At this point my thoughts are, if I don’t get the job, have a talk with my family/friends about what I plan to do in the next 6 months. If I do get the job, then I have to give the shocking news as is.
I am supposed to hear something on Monday, and I don’t. The guy is not in, and also, SF is 3 hours behind, so I feel like the wait is extra long. Im checking my phone and email every .32 seconds in anticipation. Then I get the news late Tuesday night, I got the job!
I immediately call my parents, convo goes like this.
Me: mom, hey I gotta tell yall some good news, put me one speaker phone
Mom dad: ok what is it !?
Me: When I went to SF last week, it wasn’t for work, it was for an interview, and I got the job!
Mom: Hows that good news!??!
Dad: ….
It took them 5, 10 mins to take it in, then it turned to we are proud of you. At this point I understood my shocking message had a stronger affect than I knew. Emily told her parents we were moving and they were nothing but excited. But once again, different experiences, different views.
Next morning, I let the rest of my world know. Reactions varied from WOW, that’s amazing, to how you gonna just leave like that? I attempted to explain to people, why, and I realized I can’t. People that don’t understand, won’t understand, because they look at life different.
As I said, a year ago, I felt the same way, so I realized I had to dig deeper to figure out how I would explain this to Elliott of last year. And no matter how I would have explained it, it wouldn’t make sense to him.
Life as I see it is about experiencing different things. Family and friends are extremely important, however I don’t think living close to someone makes you more of a friend, or shows love more than being away. If anything, you take for granted that relationship. How many times do you hug the people you see everyday, or every weekend. You eventually fall into a zone where you just expect them to be there, and stop learning about them. People that I don’t see but 3 -4 times a year, are just a strong of friends as people I see everyday. Why is that, I don’t know. The internet probably helps.

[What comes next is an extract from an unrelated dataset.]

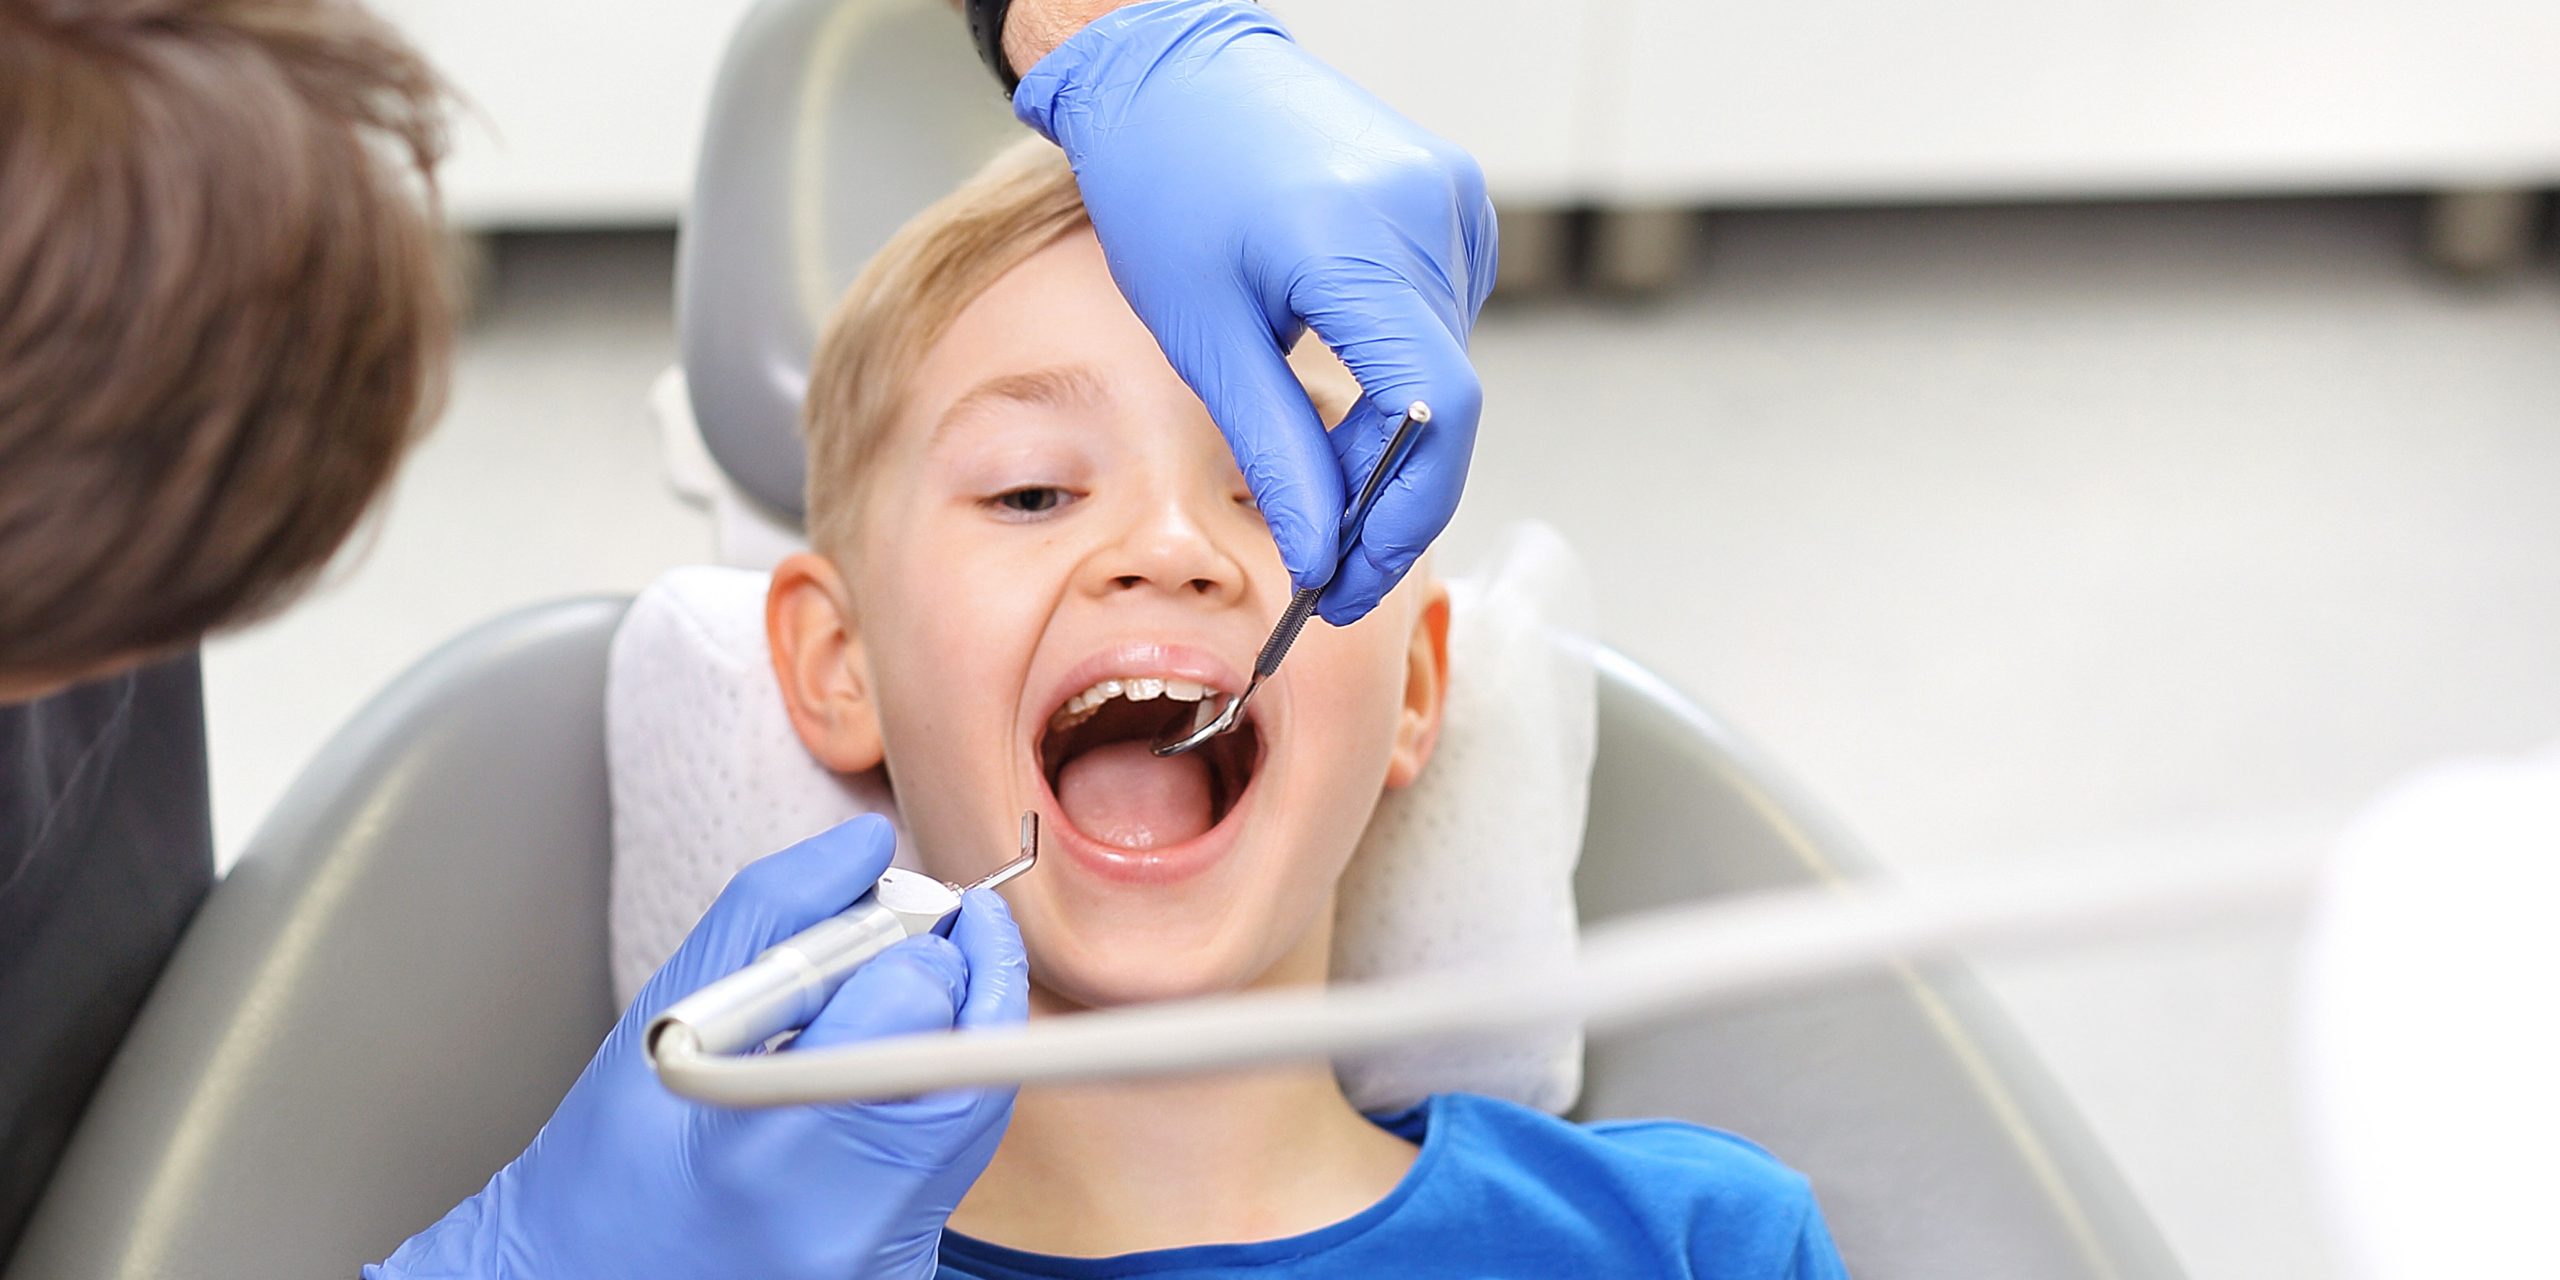 Hilo dental: ¿cómo usarlo correctamente? - Clínica Kranion

I have always wanted to live in a city. I have always wanted to work in a city. In a week me and Emily will be driving across country, so that I can do both.
Thursday, March 1, 2007
Dunkin Doe Nuts
I walk into dunkin donuts for a quick bagel. Thats all i want or need. I say, "Cinnamon Rasin bagel, toasted" He says, "Coffee?" I say no thanks, he say, "Are you sure???" As if I didnt know that i really DID want coffee deep down inside, but i realize they just wanted a bigger sale, I simply said, yes im sure, no coffee.
Then he makes the bagel, another lady comes up. "One Bagel? No Coffee???", "I say no just the bagel" She says. . . "Thats noooo gooood", At this point i say to myself, Should I take road A or road B? Road A is a simple humoring ploy. Something like, "hehehe, maybe tomorrow hehe" While Road B is like "If anyone else in this place ask me if i want coffee again, matter fact if i even HEAR the word coffee, no no, matter of fact Turn off all the coffee pots RIGHT NOW, before i come back there! NOBODY WILL HAVE COFFEE TODAY!"